Miller returned to his alma mater in 1968 to teach Physical Education.
He could always be found in the gym playing Battle Ball with his classes, talking all things athletics, and recruiting for Tyrone sports.
In spite of his stern approach to education, everyone wanted Mr. Miller as their gym teacher.
“You always knew which students were placed with Mr. Miller by their cheers [when the schedules were released],” said TAHS grad Katie Riley.
Miller cared deeply for his students, always making an effort to get to know them in class and on their respective playing fields.
“One of the greatest things about him was how unflappable he was,” said former student Vincent Gray. “In 7th grade, I got knocked unconscious in a freak volleyball accident. When I came to, he was so relaxed and matter of fact that I didn’t even realize how bad it was or that I was out for a few minutes. I remember sitting in the nurse’s office looking down and finally noticing that my shirt was saturated with blood and Mr. Miller was explaining to the nurse ‘Well, we had a little run in playing volleyball today.’”
He was widely loved, respected, and cherished by students and fellow teachers alike.
“I absolutely loved having Mr.

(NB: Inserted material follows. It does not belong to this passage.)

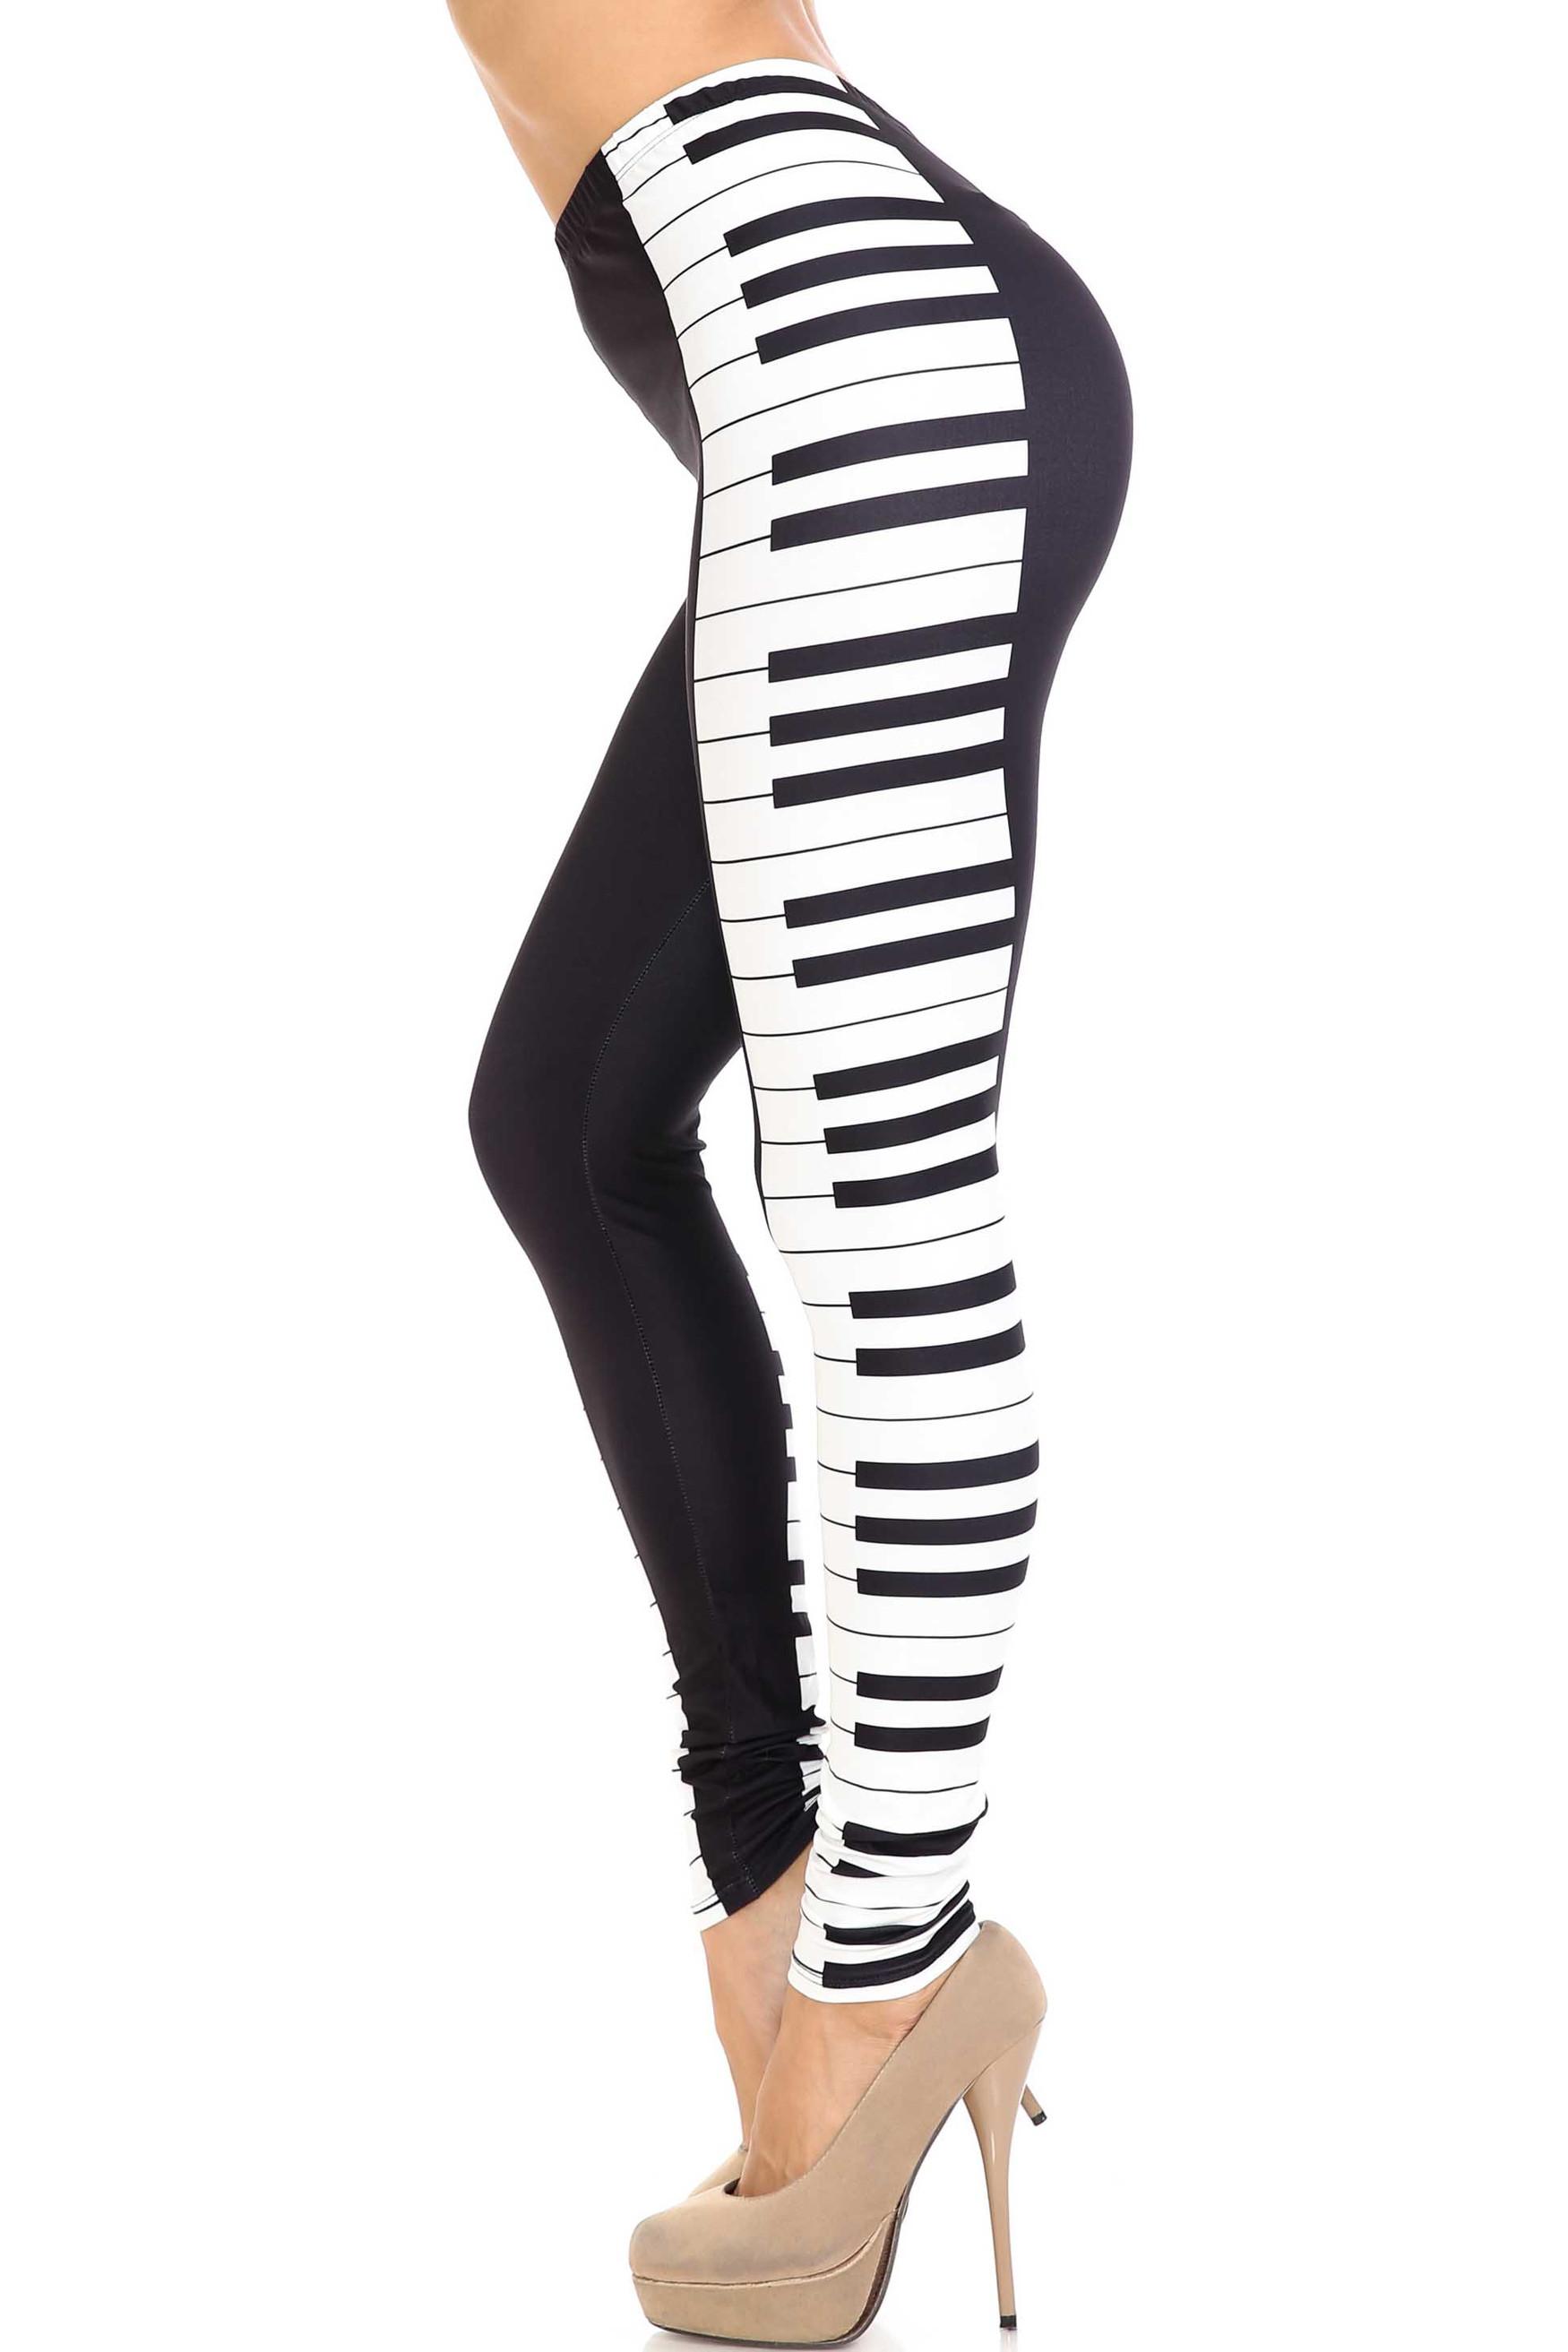 Creamy Soft Keys of the Piano Extra Plus Size Leggings - 3X-5X - USA Fashion™
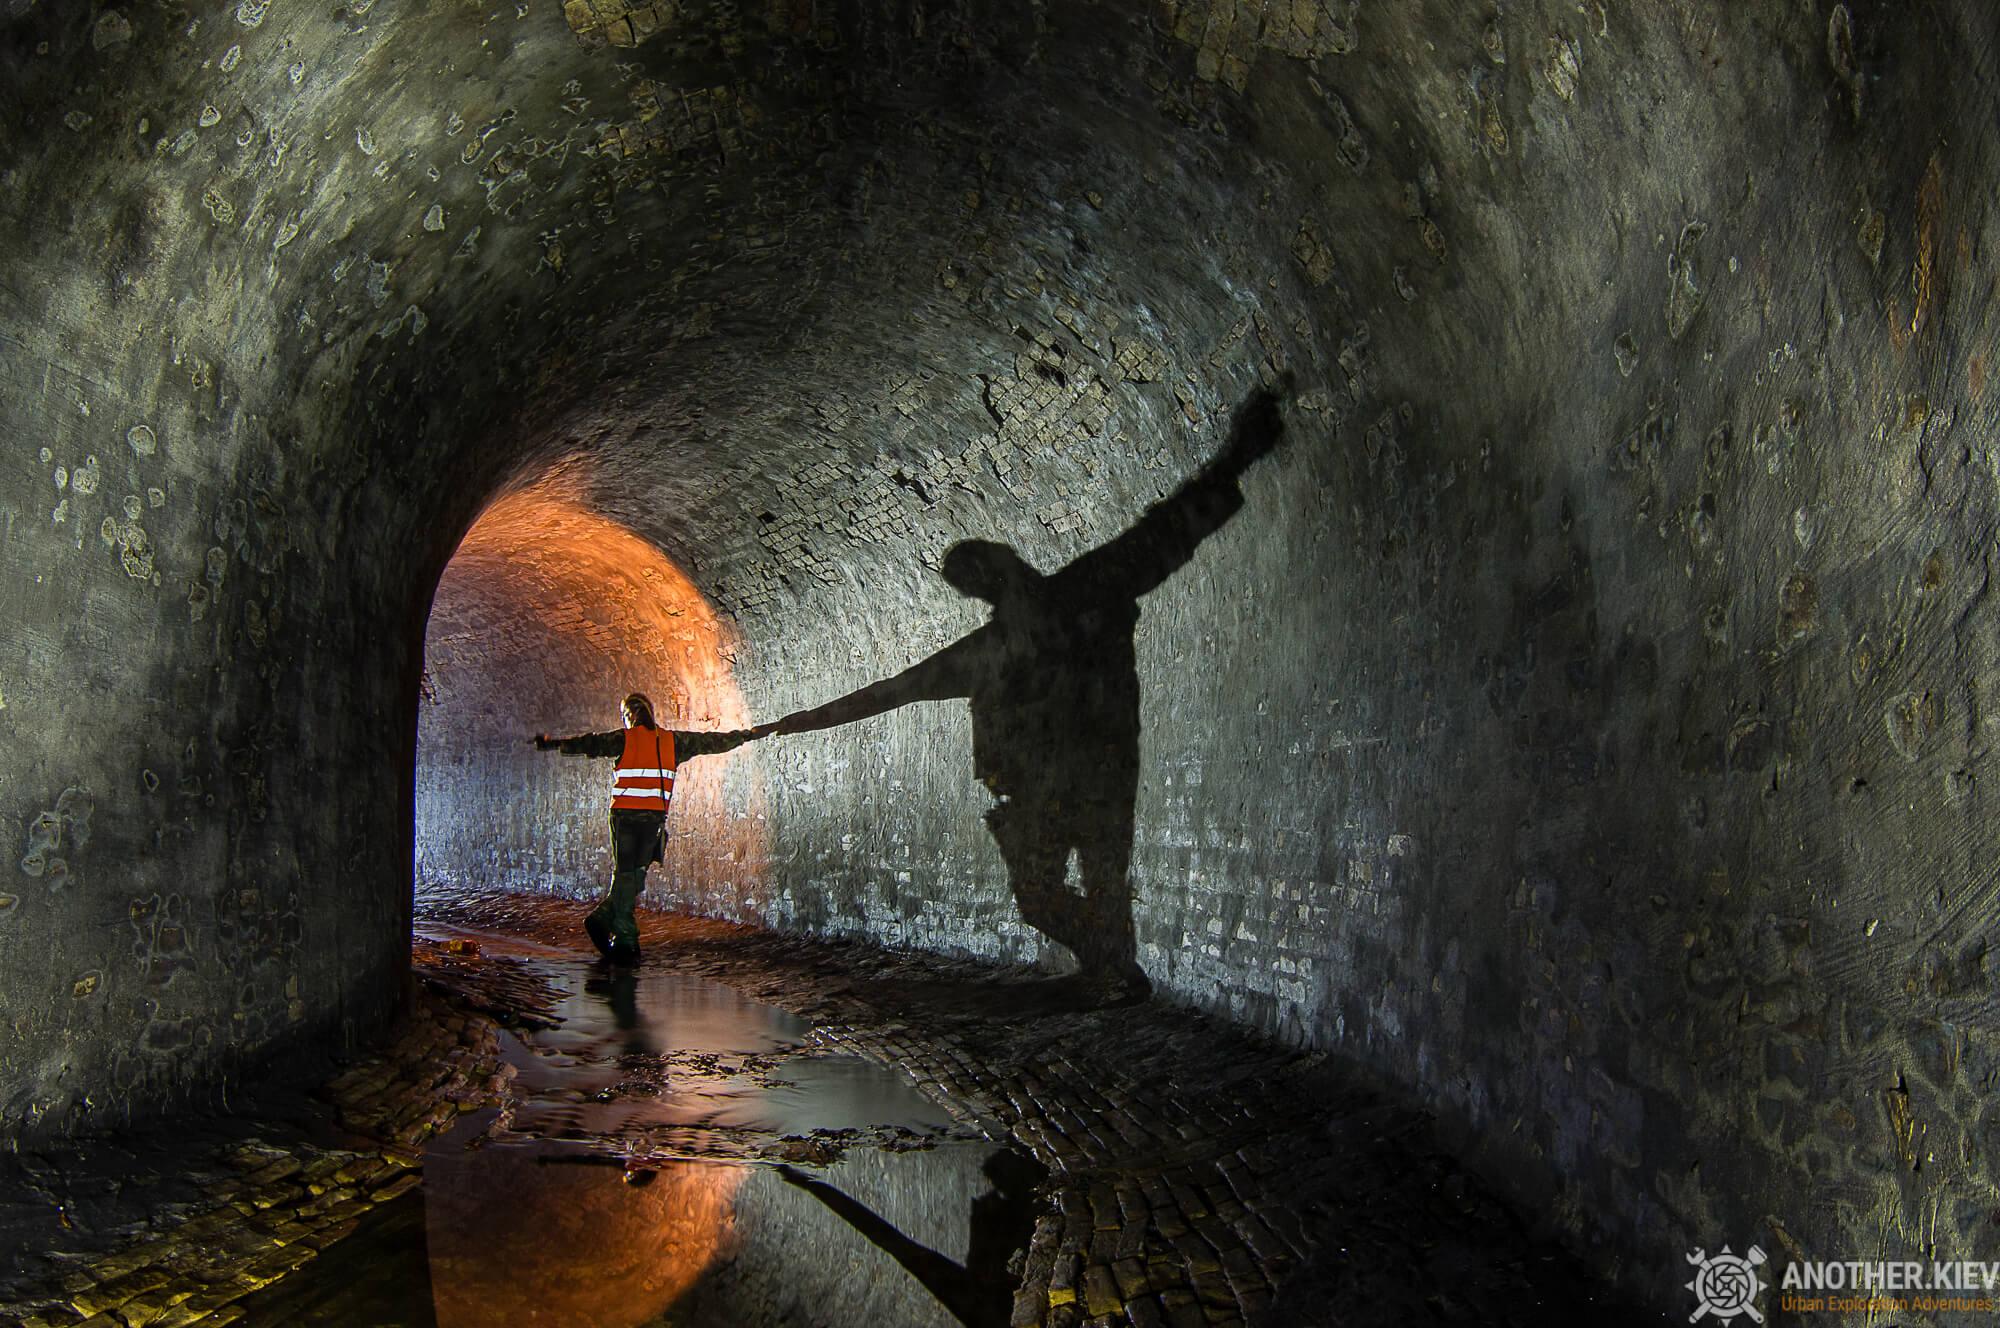 klov_IMGP3139 Underground River Klov

Miller in class,” said former student Emily Oakes. “He called everyone by their last names. I can’t imagine how a teacher keeps track of all those names, but looking back it made you feel close to him. It was a way to bond with students.”
In addition to teaching, Miller was head coach of the Tyrone varsity football team during both the 1980s and 1990s, as well as an assistant at Moshannon Valley, Bellefonte, and Philipsburg.
He coached basketball, baseball, and track and field at many levels. He also trained athletes of all sports in the weight room.
In 1979, Miller was hired as the head coach of the Tyrone varsity football team. With his college football experience and successes, Miller was perfect for the job. After all, his greatest passion was sports and sharing his knowledge of it with others.
“It was his ‘reason for being,’” said Jim Butler, former Tyrone High School social studies teacher and one of Miller’s assistant coaches. “He viewed everything through athletics. He was good at it and he made it his career. It wasn’t like work to him.”
Although ‘Coach’ could be tough when necessary, Miller cared deeply about his athletes and his relationships with them.
“I remember [one time] Coach [was] chewing us out on the practice field, [and he] turned away and then turned back to us and said ‘I love you guys,’” recalled former player, David Stack.
Miller was known as a “player’s coach” and always emphasized the importance of having fun while playing. He allowed his athletes to feel comfortable competing without added pressure.
“He was really good to us. It wasn’t ever a toxic environment. He could make you laugh…[but] he was serious about the game, and that came through,” said Kevin Ferner in Kerry Naylor’s second volume of The Tyrone Football Story.
Miller spent 10 years as Tyrone’s head football coach, finishing with a 46-42-6 record. He vacated the position when John Franco took over in 1994. Miller is tied for third all-time coaching wins in Tyrone football history, with 46 wins between 1979-1986 and 1992-1993.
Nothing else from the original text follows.